2. The Hon’ble Supreme Court in the case of Satish Chander Ahuja Vs Sneha Ahuja, Civil Appeal
No. 2483/2020, clarified the rights of a woman in capacity of daughter-in-law for residence
order in the property, exclusively owned by her father-in-law subject to the house being a
shared household in which the daughter in law has lived in a domestic relationship with the
father-in-law.
3. The Apex Court in the aforementioned case has interpreted the term ‘shared household’ which
is defined under Section 2(s) of the Protection of Women against Domestic Violence Act of
2005. The right of residence provided under the Act to women ousted from the house or
prevented entry thereon has been envisaged qua “shared household” only. It is, therefore, safe to
state that as per the Act, a shared household would mean a house in which the aggrieved person
has lived or at any stage has lived along with the respondent in a domestic relationship i.e. a
relationship between two members who have lived together on account of being related by
consanguinity (by blood), marriage or through a relationship in the nature of marriage, adoption
or are family members.
4. While the decision expands the scope of the definition of the term ‘shared household’ and states
that the Respondent certainly would succeed in obtaining residence order in the dwelling place
and this authority would act as binding precedence and therefore this question remains no
longer res-integra. However the Court has clearly provided that the shared household so
mentioned herein should be exclusive owned by the father-in-law of the respondent seeking the
claim and does not extend to a property that is in the ownership of the mother-in-law.
5. In the instant case, while the Respondent seeks a claim of right of residence over the ‘shared
household’ in which the Appellant is cohabiting, the same cannot stand valid before the court of
law, primarily because the property is owned by the mother of the Appellant and is in her name.
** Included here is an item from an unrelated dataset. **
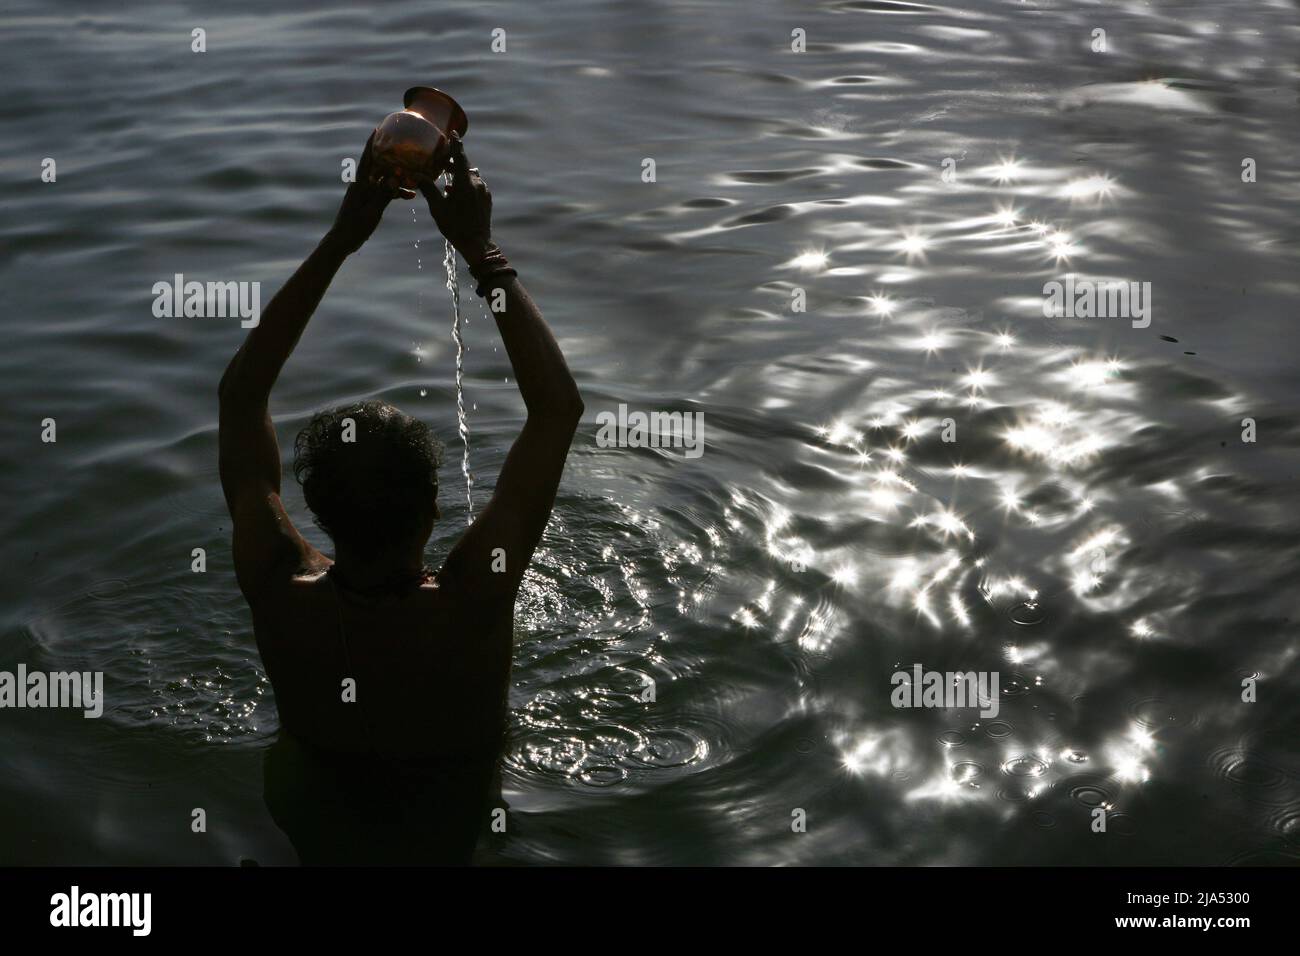 India, Uttar Pradesh, Benares (Varanasi). Ablutions and Hindu religious rituals on the banks of the Ganges river Stock Photo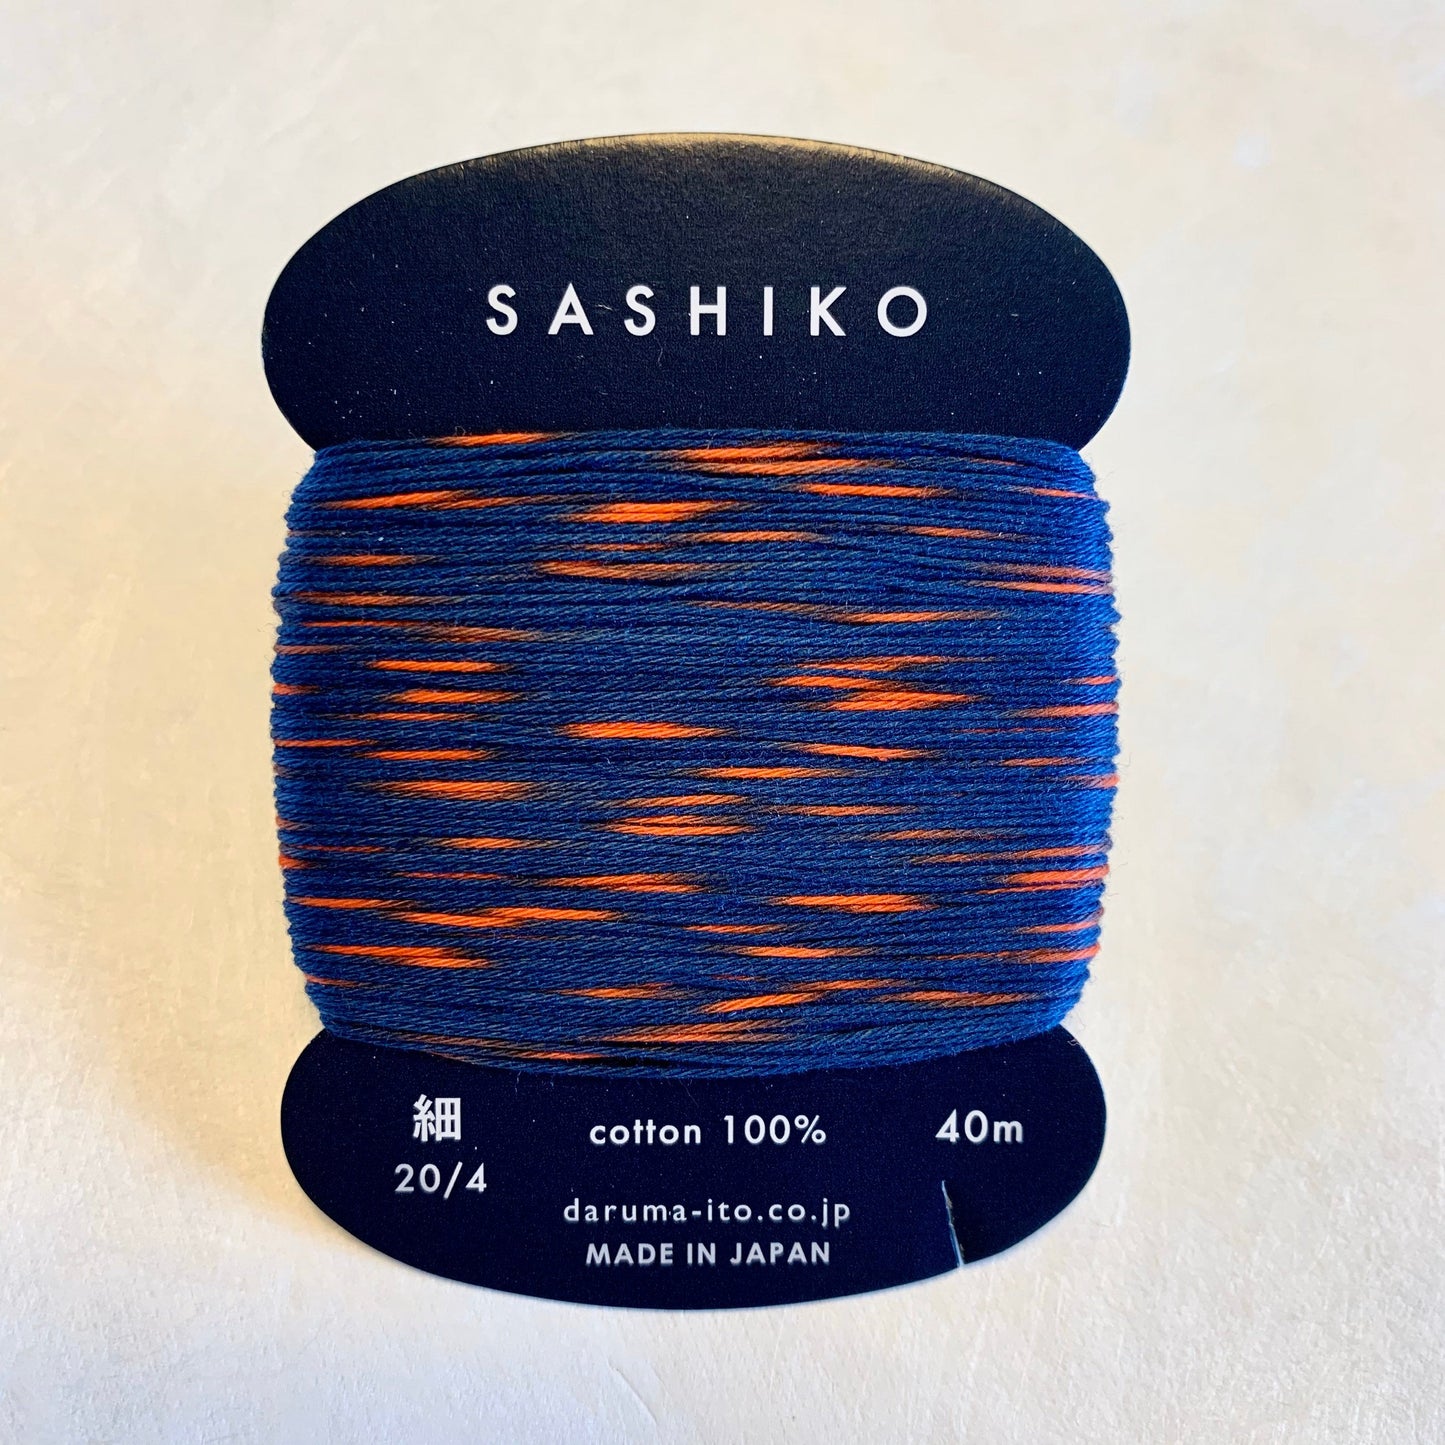 Daruma #302 "SPARKLER" variegated navy blue and flame red Japanese Cotton SASHIKO thread 40 meter skein 20/4

Thus, even if it’s presumed that the Respondent was residing in the concerned property at any
instant point of time, during her marriage with the Appellant, she still would not be able to
claim the right of residence to such property. This Counsel also submits that this contention is
furthered by the fact that the nature of matrimonial relationship between the Appellant and the

Respondent is void ab initio as the latter has committed the offence of bigamy and married the
Appellant during a subsisting earlier marriage.